= Data to process =

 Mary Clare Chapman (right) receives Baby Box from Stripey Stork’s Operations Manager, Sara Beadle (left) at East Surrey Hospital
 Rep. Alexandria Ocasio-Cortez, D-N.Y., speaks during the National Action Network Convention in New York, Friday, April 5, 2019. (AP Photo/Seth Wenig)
...
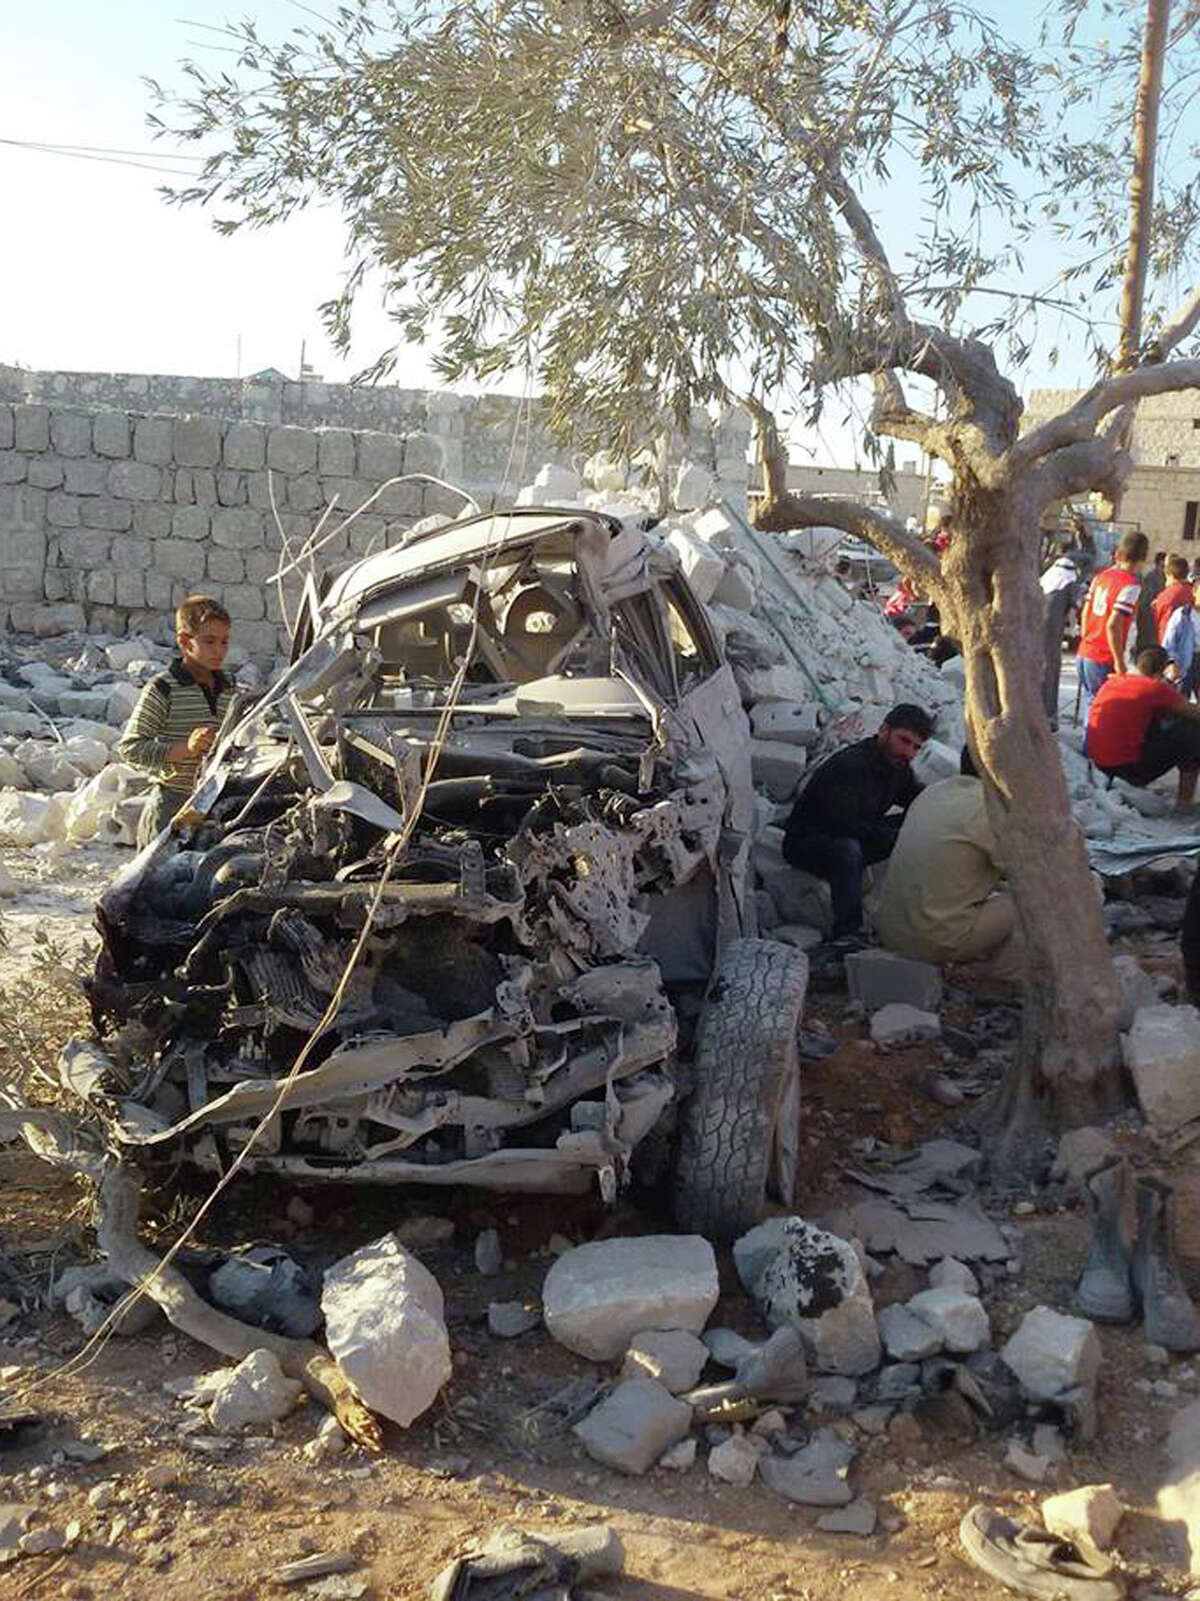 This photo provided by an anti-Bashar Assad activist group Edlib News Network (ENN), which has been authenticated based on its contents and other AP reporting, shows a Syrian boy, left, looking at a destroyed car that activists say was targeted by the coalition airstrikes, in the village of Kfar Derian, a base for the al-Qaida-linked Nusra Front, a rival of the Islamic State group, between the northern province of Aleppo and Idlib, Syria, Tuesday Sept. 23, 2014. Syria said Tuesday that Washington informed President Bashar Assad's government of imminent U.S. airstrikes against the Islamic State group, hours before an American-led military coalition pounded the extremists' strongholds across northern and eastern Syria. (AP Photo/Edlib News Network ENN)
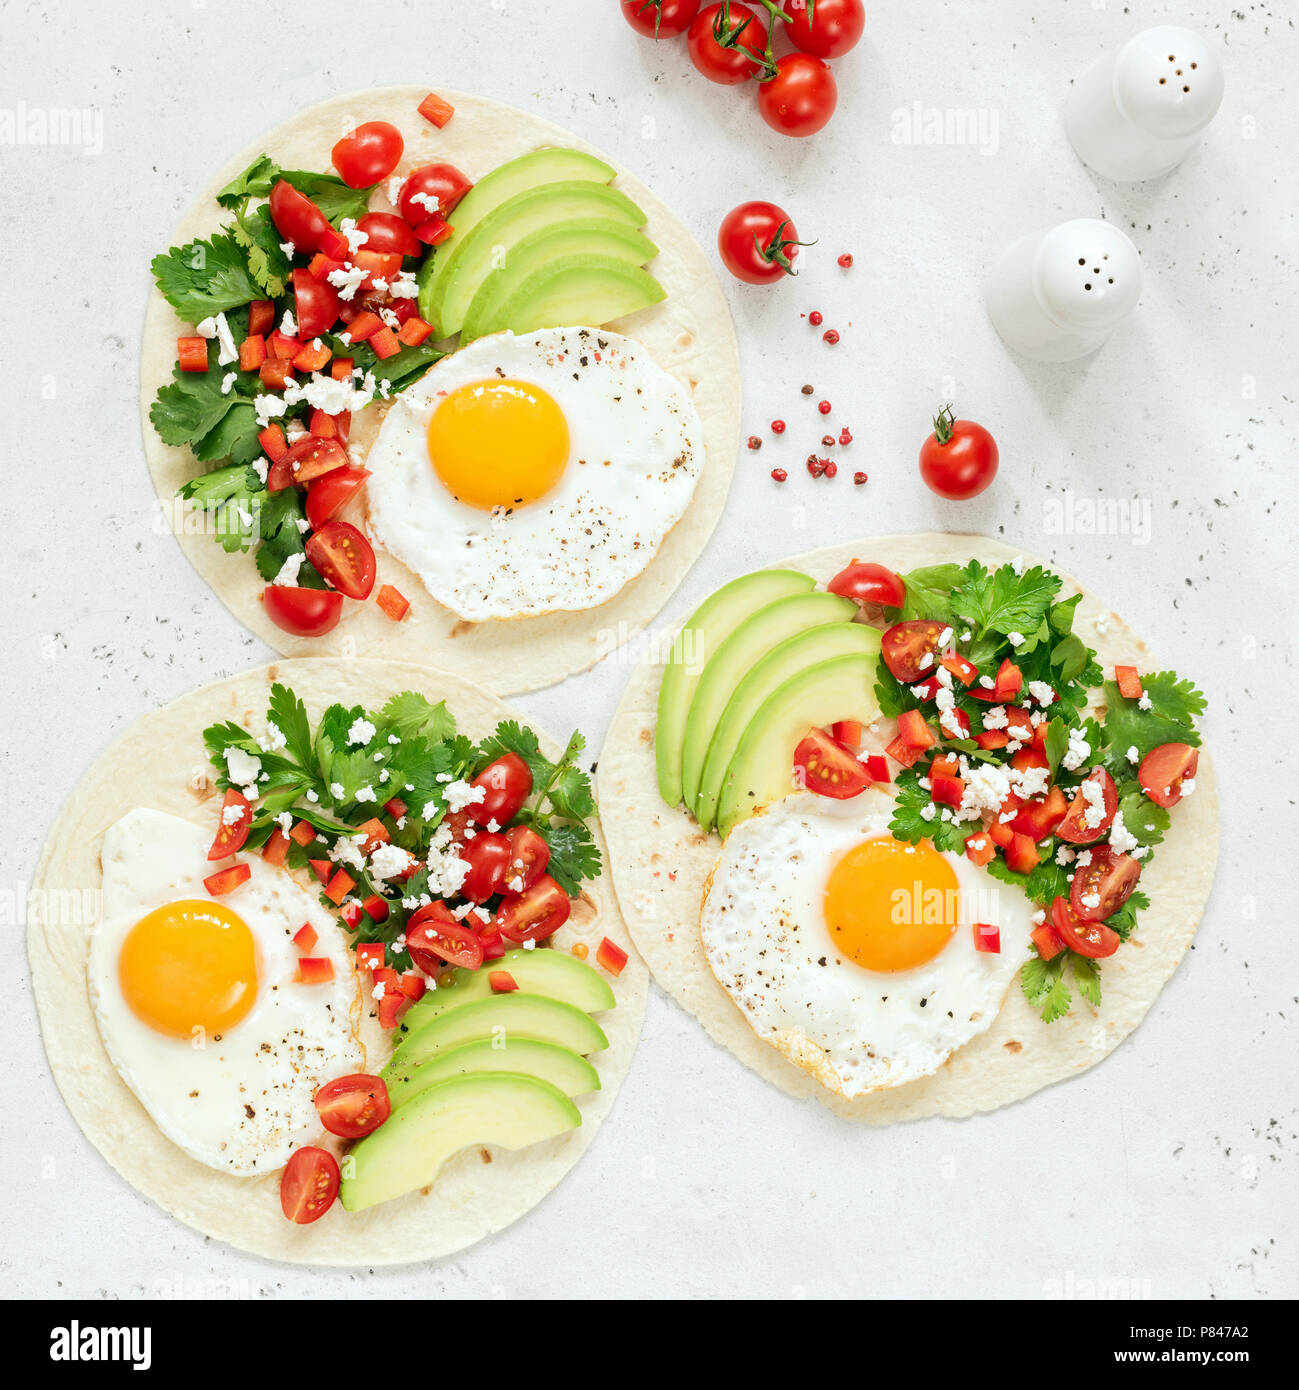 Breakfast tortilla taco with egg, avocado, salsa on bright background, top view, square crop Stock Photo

= What the exercise asks =
What you return must be an exact retyping of the lines above starting at the line with "Mary Clare Chapman" and ending at the line with "Rep. Alexandria Ocasio-Cortez, D-N.Y., speaks", and nothing besides.

= Answer =
 Mary Clare Chapman (right) receives Baby Box from Stripey Stork’s Operations Manager, Sara Beadle (left) at East Surrey Hospital
 Rep. Alexandria Ocasio-Cortez, D-N.Y., speaks during the National Action Network Convention in New York, Friday, April 5, 2019. (AP Photo/Seth Wenig)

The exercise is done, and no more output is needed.